Aug. 16 (Bloomberg) -- New Jersey’s unemployment rate jumped to a 35-year high of 9.8 percent in July, the state Labor Department said.
The rate climbed from 9.6 percent in June and is above the national level of 8.3 percent, which also increased last month. New Jersey lost 12,000 jobs in July, with the largest drops in manufacturing, construction, and professional and business services, the department said in a statement today.
“The national economy has been sluggish, and, realistically, we can’t be exempt,” Charles Steindel, chief economist for the state Treasury Department, said in the statement. “Considering we have seen job growth in nine out of the past 11 months, we anticipate that job growth should resume and start to put some downward pressure on unemployment.”
Governor Chris Christie, a first-term Republican, has said New Jersey’s economy is in a comeback and the state can afford tax reductions and higher spending. Democrats, who control the Legislature, have refused to approve his tax-cut proposal until they have proof that revenue will meet his budgeted forecasts.

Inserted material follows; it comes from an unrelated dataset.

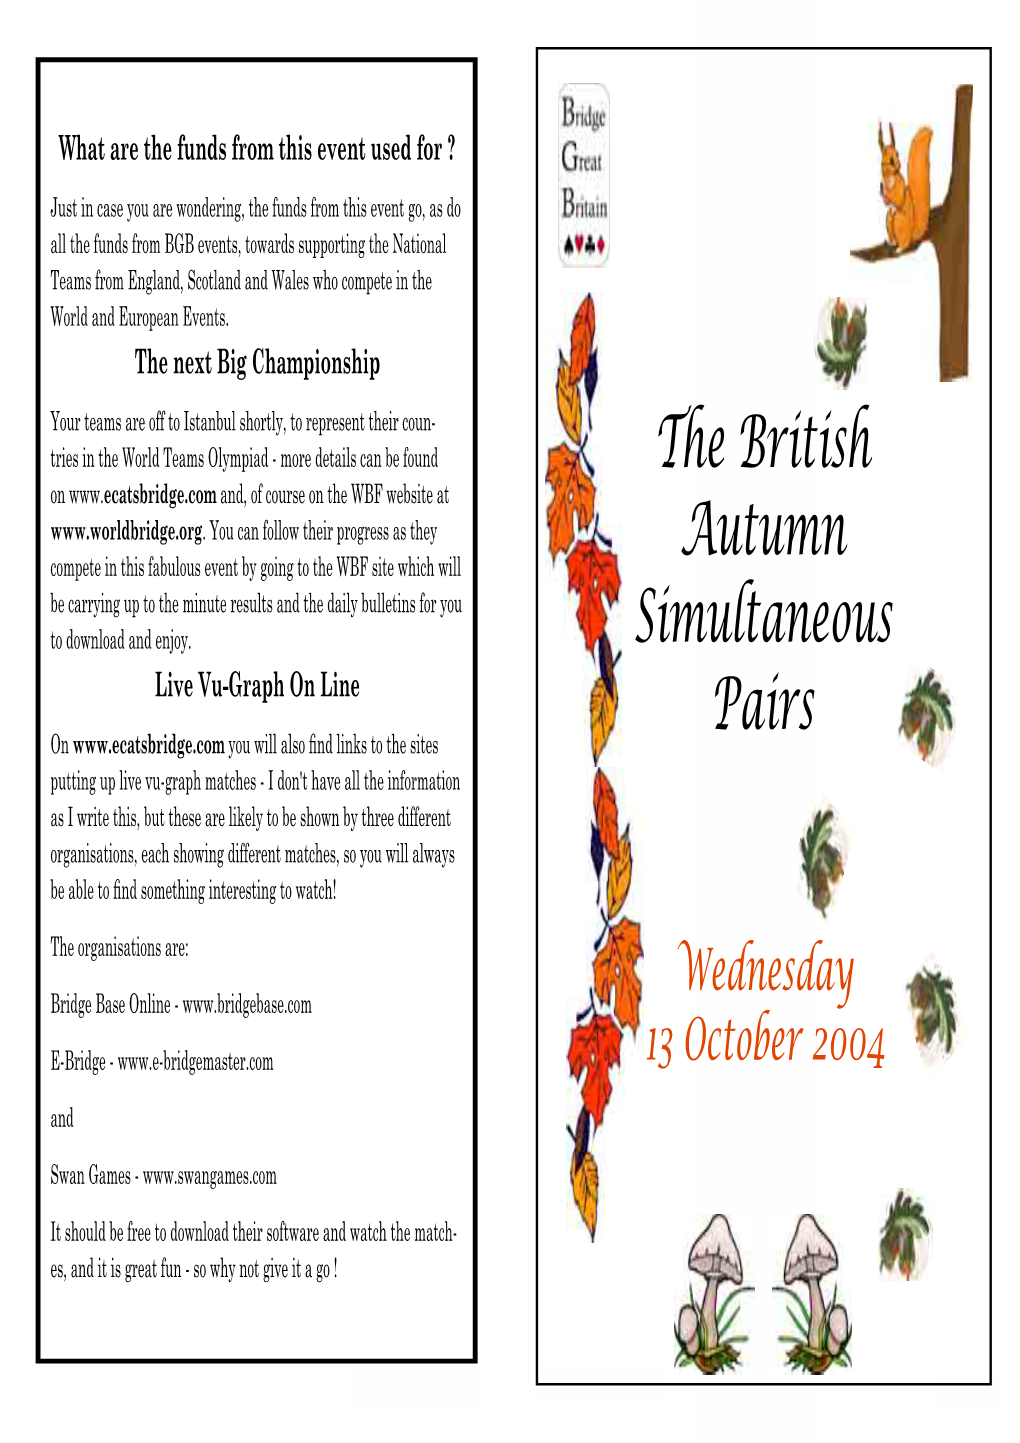 The British Autumn Simultaneous Pairs

“One month doesn’t make a trend,” Kevin Roberts, a Christie spokesman, said today in an e-mail. “Over the long term, we’re experiencing positive job growth in New Jersey.”
The state’s seasonally adjusted unemployment rate has been 9 percent or higher since mid-2009. It reached a recessionary high of 9.7 percent. The last time it was 9.8 percent or higher was in April 1977, according to Labor Department data.
The July numbers released today are preliminary estimates and can change once more thorough surveys have been conducted, said Brian Murray, spokesman for the Labor Department. For example, the preliminary unemployment rate for December 2009 was 10.1 percent. It was later revised to 9.7 percent.